Geeking Science: Capturing Bubbles in CGI and other Black Matters

Black Panther: Wakanda Forever Movie Poster from Internet Hive Mind

Photography has been a white person game for a long time. The film for photos and film was optimized for light skin. When computer special effects came around, CGI illumination of skin likewise concentrated on the melatonin levels found in the layers of Caucasian skin. CGI hair mimicked either clumped animal hair or straight Caucasian hair.

Time for change.

Quick background – really, lighting for film concentrated on making white people to look good. It’s hard to make someone look good when the tools aren’t even on your side. For example

“Shirley cards” used by film-makers to calibrate skin tones and light, only featured Caucasian models until well into the 70s (and only changed because of complaints from photographers trying to advertise chocolate or wood furniture).  (Latif, 2022)

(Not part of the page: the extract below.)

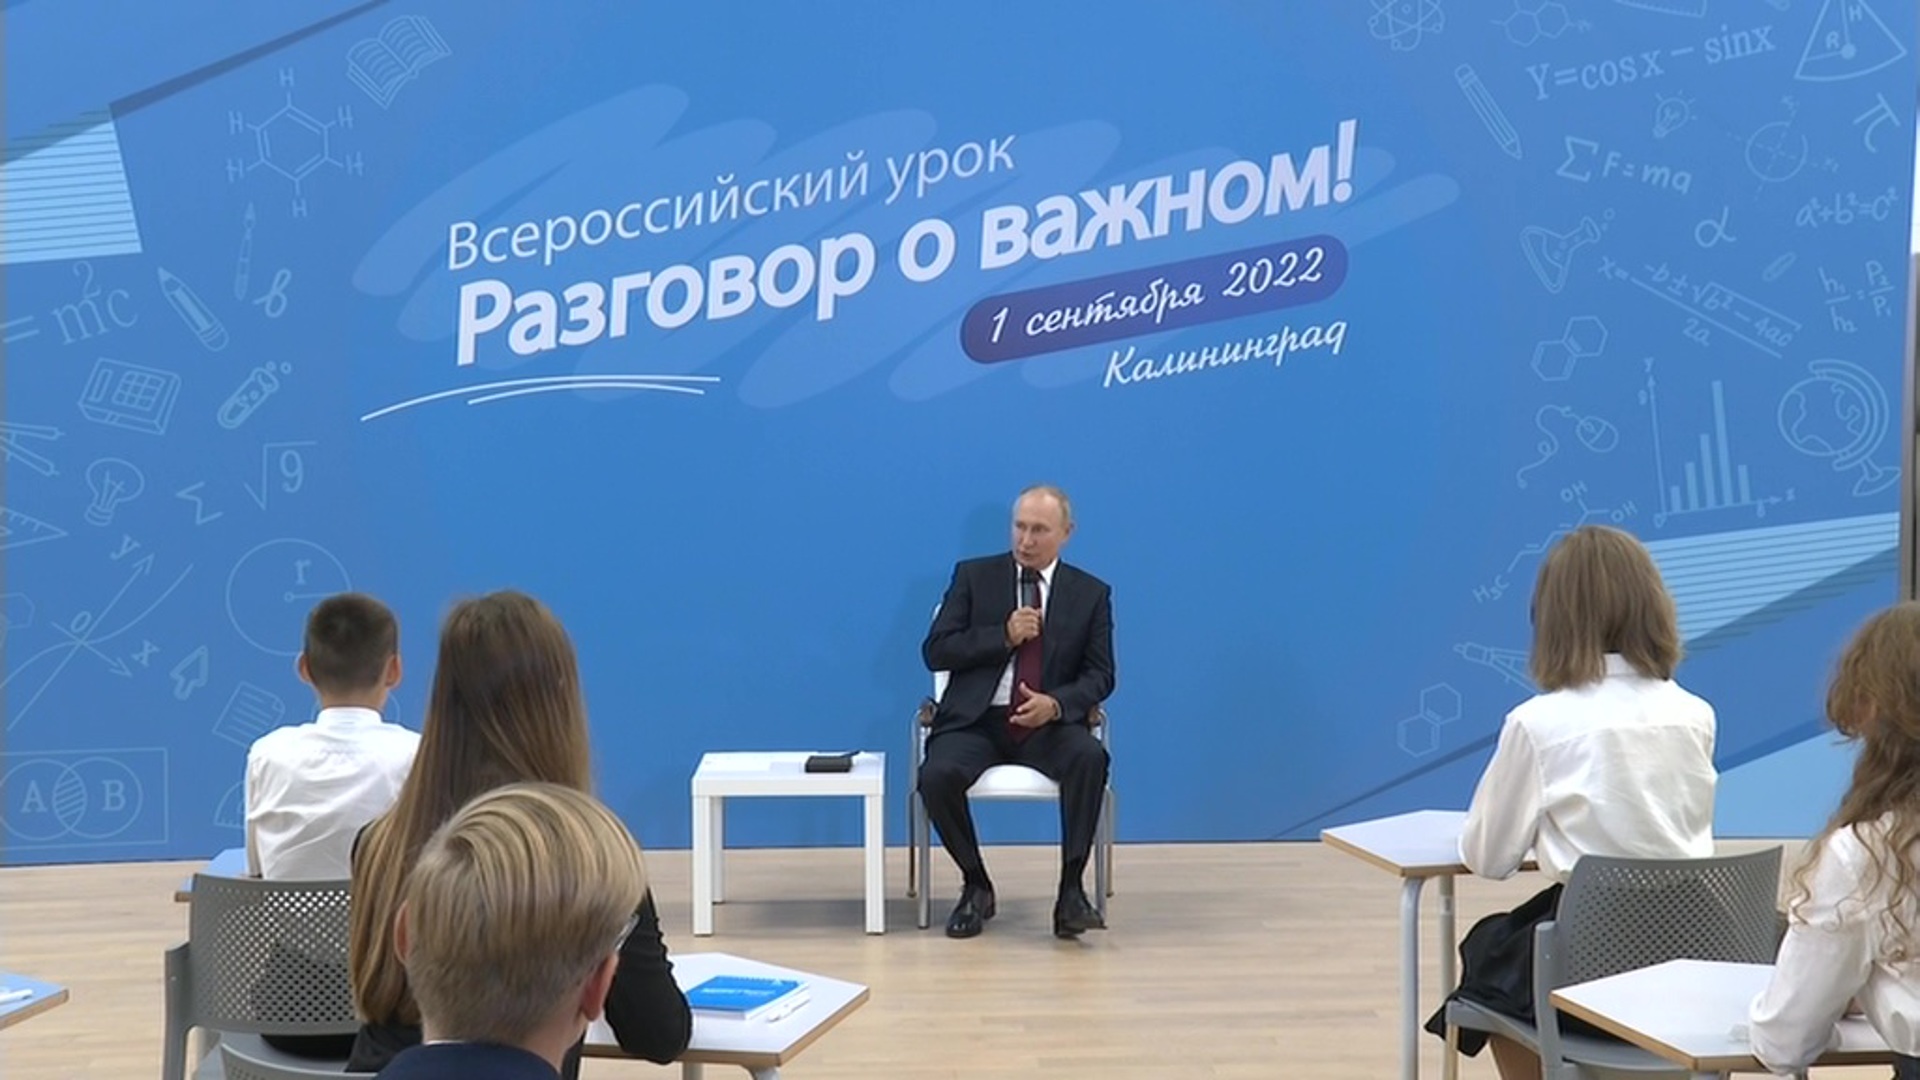 Время покажет 02.04 2024. Открытый урок разговоры о важном с Владимиром Путиным. Разговор о важном с президентом 1 сентября 2022. Разговоры о важном.

During the creation of Shrek, animators discovered skin looked more real when created with layers of reflection.

If you shine a laser pointer on a wall you’ll see just a small spot of light. But shine it on your hand and you’ll see a blob of red light because the light is spread around,” said Stephen Marschner, a professor of computer graphics at Cornell University in Ithaca, N.Y.  (Onion, 2005)

To get skin to look real, the CGI character models needed layers to the outer shell replicating light interaction with skin. The programmers in the early oughts (00s) tapped research in the medical community studying skin for cancer and to find the difference between young and old skin to create their algorithms. (Secondary Rabbit Hole: The medical community used light refraction to study the difference between old and young skin, by analyzing “the skin between the thumb and the first finger of 400 Caucasian women ranging in age from 10 to 70.” (Onion) – and some of the discoveries are really cool and will impact makeup and health for decades to come. Note the studies used to create the algorithms were from Caucasian subjects.)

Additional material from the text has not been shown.